# -*- coding: utf-8 -*-
# your_app/management/commands/export_images_map.py

import csv
import json
import itertools
from typing import List
from django.db.models.functions import Cast, Coalesce
from django.db.models import CharField, Value
from django.apps import apps
from django.core.management.base import BaseCommand
from django.db.models import F, Q
from django.db.models.functions import Cast
from django.db.models import CharField
try:
    from django.contrib.postgres.fields.jsonb import KeyTextTransform
except Exception:
    KeyTextTransform = None

DEFAULT_ALLOWED_PREFIXES = [
    "https://extractly.s3.waw.io.cloud.ovh.net/",
    # dopisz inne CDN/aliasy jeśli używasz:
    # "https://cdn.extractly.cloud/",
    # "https://images.hously.cloud/",
]

class Command(BaseCommand):
    help = (
        "Eksportuje mapę url->images do pliku (CSV lub JSONL).\n"
        "Domyślnie eksportuje tylko nasze linki (prefiks)."
    )

    def add_arguments(self, parser):
        parser.add_argument("--model", default="extractly.AdsManual",
                            help="app_label.ModelName (domyślnie: extractly.AdsManual)")
        parser.add_argument("--images", default="images",
                            help="Nazwa pola z obrazkiem (domyślnie: images)")
        parser.add_argument("--url", default="url",
                            help="Nazwa pola URL (domyślnie: url)")
        parser.add_argument("--outfile", required=True,
                            help="Ścieżka wyjściowa: *.csv lub *.jsonl")
        parser.add_argument("--allow-prefix", action="append", dest="allowed_prefixes",
                            help="Dodatkowy dozwolony prefiks URL (można podać wiele razy).")
        parser.add_argument("--all", action="store_true",
                            help="Eksportuj wszystkie images (również nie nasze).")
        parser.add_argument("--batch-size", type=int, default=5000,
                            help="Rozmiar batcha odczytu (domyślnie 5000).")
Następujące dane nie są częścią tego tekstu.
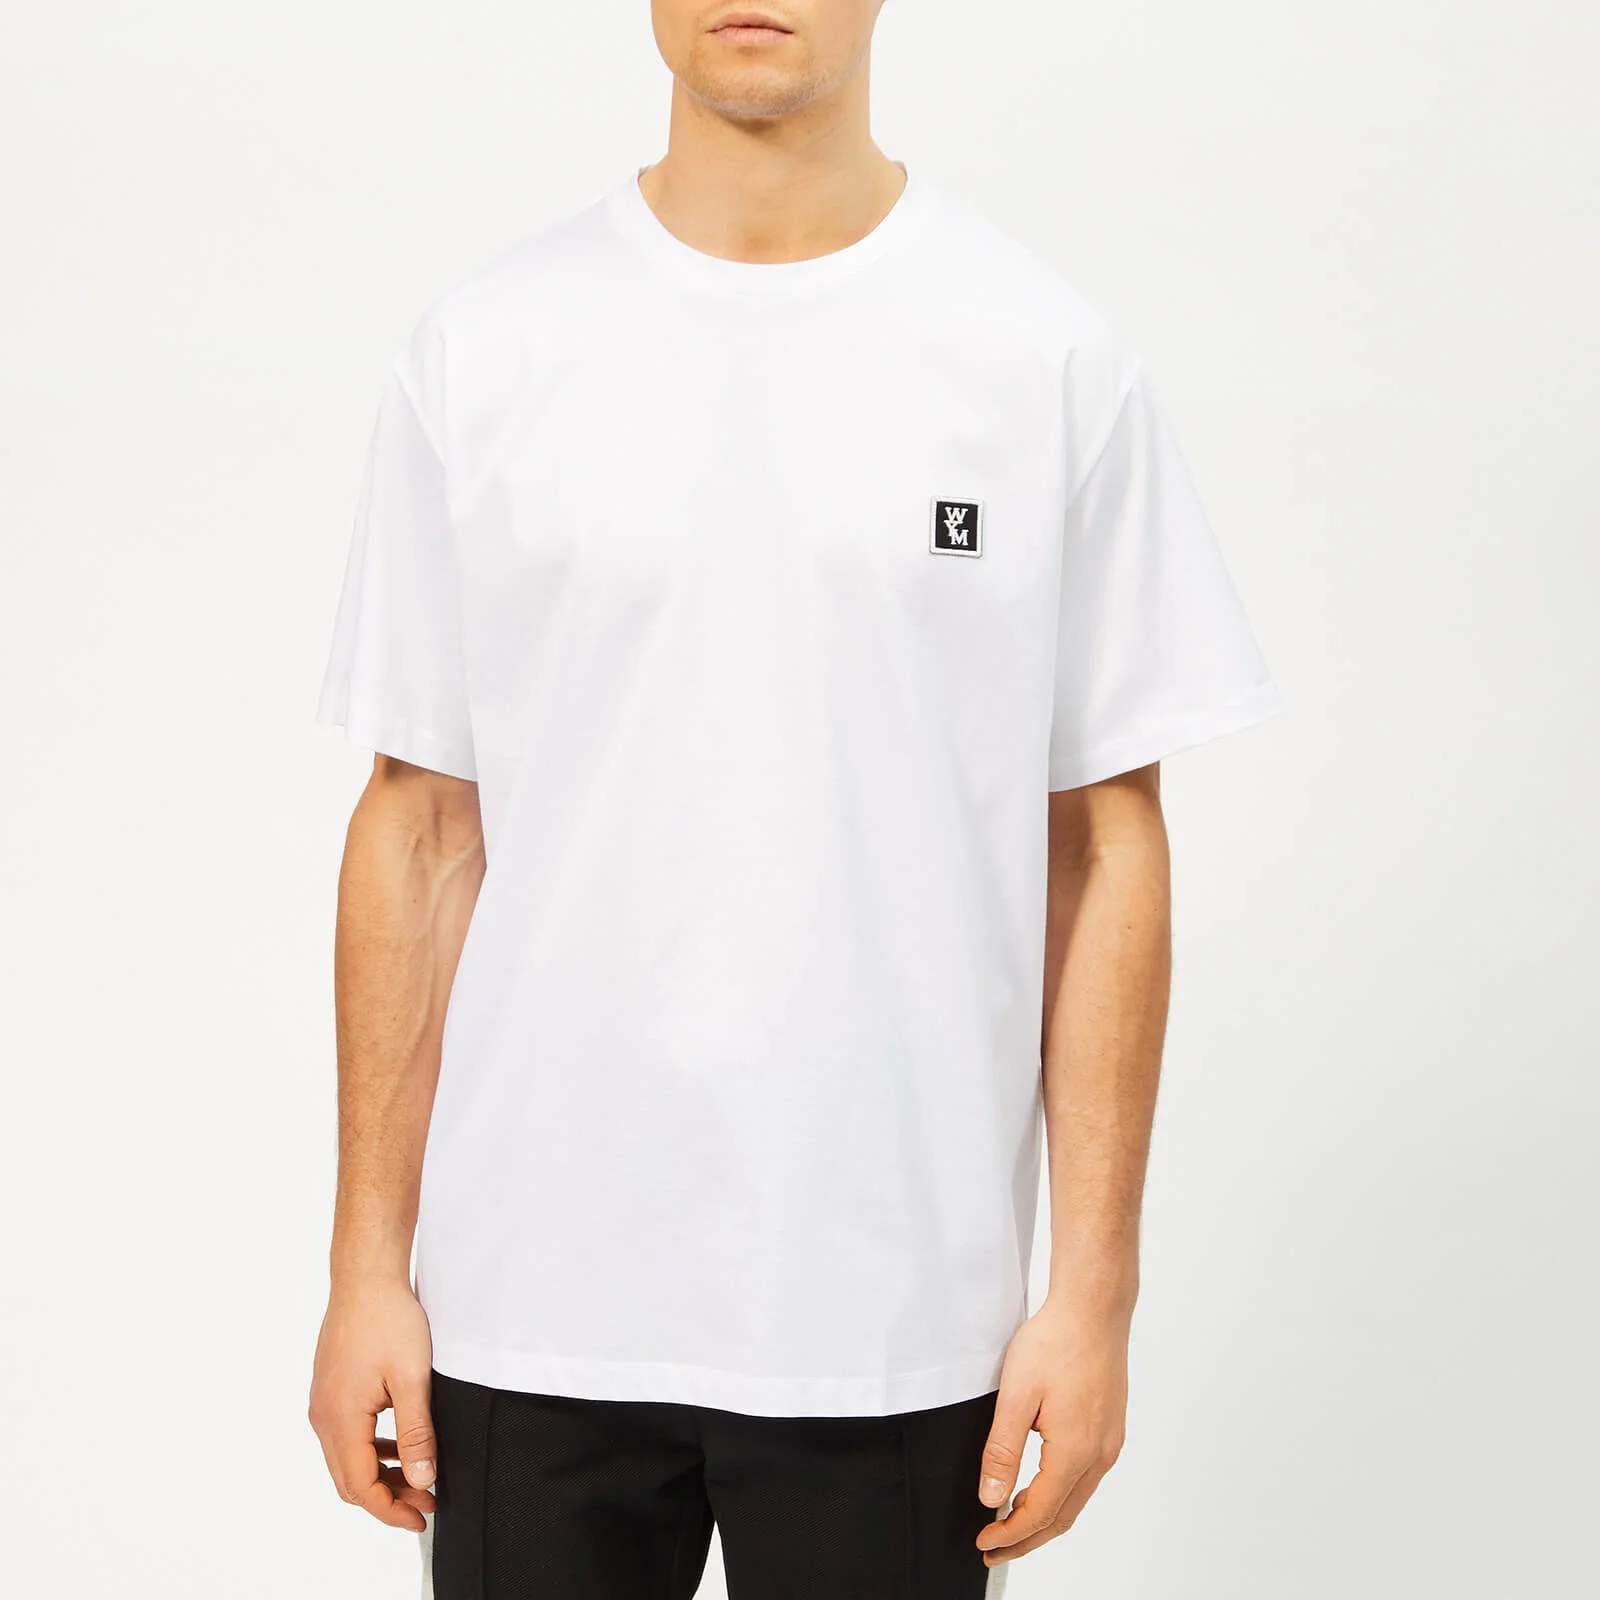 Wooyoungmi Men's Basic T-Shirt - White Image 1
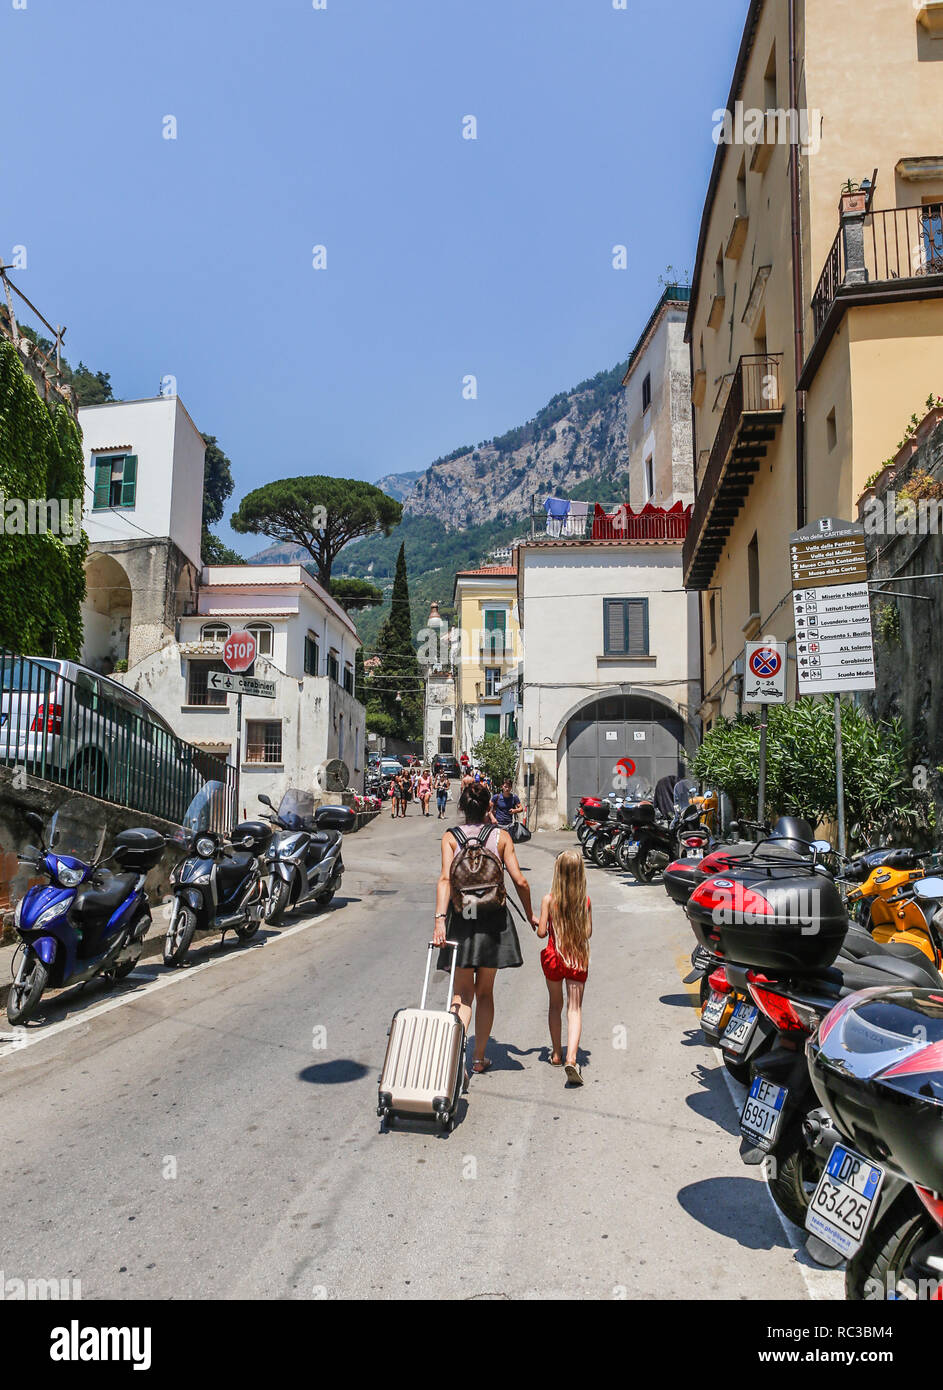 Street scene with street Via Cardinale Marino del Giudice and houses in the  picturesque Amalfi, on the wonderful Amalfi Coast, Italy Stock Photo - Alamy

    def handle(self, *args, **opts):
        model_label = opts["model"]
        images_field = opts["images"]
        url_field = opts["url"]
        outfile = opts["outfile"]
        batch_size = opts["batch_size"]
        allowed: List[str] = opts.get("allowed_prefixes") or DEFAULT_ALLOWED_PREFIXES
        allowed = [p if p.endswith("/") else p + "/" for p in allowed]
        export_all = bool(opts["all"])

        Model = apps.get_model(model_label)

        qs = (Model.objects
            .filter(**{f"{images_field}__isnull": False})
            .exclude(**{f"{url_field}__isnull": True})
            .exclude(**{f"{url_field}": ""})
            .order_by("pk"))

        # --- NOWA adnotacja _img_text ---
        if KeyTextTransform is not None:
            # spróbuj najpierw wyciągnąć images['main'] jako tekst
            qs = qs.annotate(
                _img_main=KeyTextTransform('main', images_field),
                _img_text_raw=Cast(F(images_field), output_field=CharField())
            ).annotate(
                _img_text=Coalesce(F('_img_main'), F('_img_text_raw'), Value(''))
            )
        else:
            qs = qs.annotate(_img_text=Cast(F(images_field), output_field=CharField()))

        # jeśli NIE --all, filtrujemy po prefiksach
        if not export_all:
            cond = Q()
            for p in allowed:
                cond |= Q(_img_text__startswith=p)
            qs = qs.filter(cond)

        total = qs.count()
        self.stdout.write(f"Do eksportu rekordów: {total}")

        if outfile.lower().endswith(".jsonl"):
            with open(outfile, "w", encoding="utf-8") as f:
                iterator = qs.values("pk", url_field, "_img_text").iterator(chunk_size=batch_size)
                for row in iterator:
                    url = row[url_field]
                    img = (row["_img_text"] or "").strip()
                    if not img:
                        continue
                    f.write(json.dumps({"pk": row["pk"], "url": url, "images": img}, ensure_ascii=False) + "\n")
            self.stdout.write(self.style.SUCCESS(f"Zapisano JSONL: {outfile}"))
        else:
            # CSV
            with open(outfile, "w", newline="", encoding="utf-8") as f:
                w = csv.writer(f)
                w.writerow(["pk", "url", "images"])
                iterator = qs.values("pk", url_field, "_img_text").iterator(chunk_size=batch_size)
                for row in iterator:
                    url = row[url_field]
                    img = (row["_img_text"] or "").strip()
                    if not img:
                        continue
                    w.writerow([row["pk"], url, img])
            self.stdout.write(self.style.SUCCESS(f"Zapisano CSV: {outfile}"))